The battle-lines in John 8 are not drawn simply between Law and forgiveness, but between the Kingdom of God and the kingdom of mankind. [NGR4] The kingdom of man, which the pharisees had built, weaponized God’s Law for their personal use, when it had been given to bring about life. They did not see the Law as God’s plan to redeem humanity, instead they saw it like Javert did, as a tool they could use to manipulate and trap those they disagreed with. Since we don’t see the man who was also caught in adultery, odds are they would have normally turned a blind eye to this sort of thing. But on this occasion, they saw their chance to use the Law against Jesus and they took it without question.
On the other hand, there’s Jesus, the crowning climax of the Law (Mat. 5:17), stepping in to obey the will of God, not merely the letter of the Law. He did not engage them in a debate, nor try to argue semantics, instead He addressed their heart, “Let him who is without sin among you be the first to throw a stone”. He overlooked all their scheming and double-talk and saw this lost and humiliated woman as a way to illustrate what the Kingdom of God was really like.
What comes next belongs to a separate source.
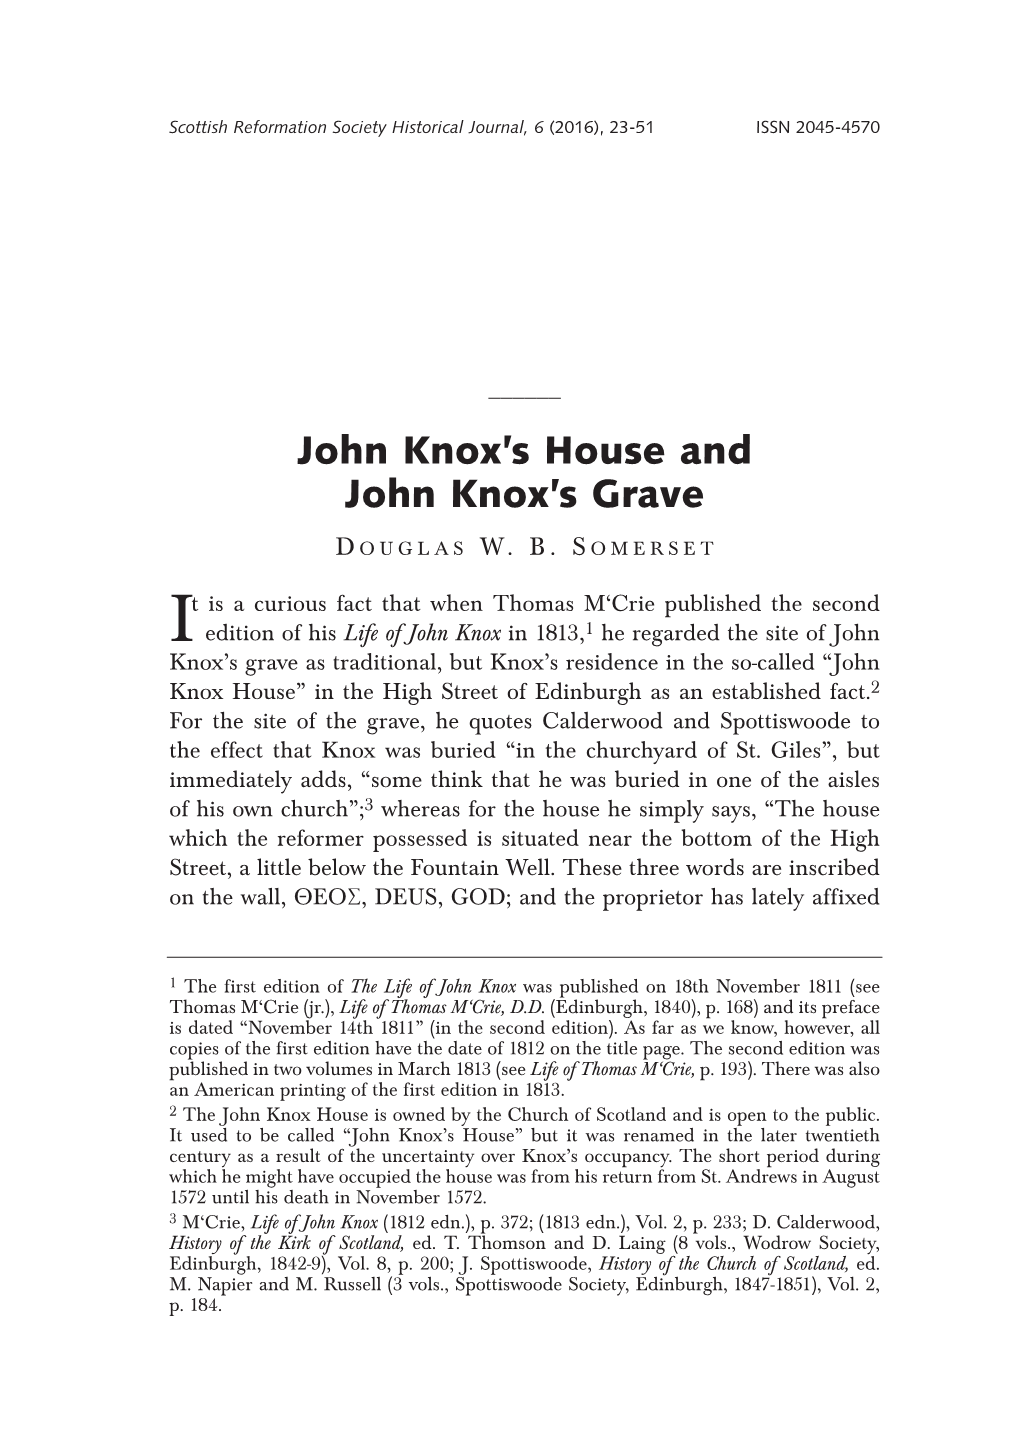 John Knox's House and John Knox's Grave

The mindset of a Jevert or a pharisee is frighteningly easy to fall into. You can quote Scripture, you can profess faith, you can write whole systematic theologies, but if you think these are tools to leverage your own agenda, you’ve completely missed the point. The point is to advance God’s agenda, to be an agent of redemption, to let God’s Kingdom be on earth as it is in heaven, to know Jesus, and this by following Him. Ask yourself, do you prefer to use the bible as a trump-card for debates rather than looking in it for what pleases God. Is your ultimate goal to please God and do His will, or to advance your kingdom with a stamp of biblical approval? Take some to time to meditate on what you think it is that God loves in this passage, and pray that God would build up in you the kind of heart that would love like Jesus loved this stranger.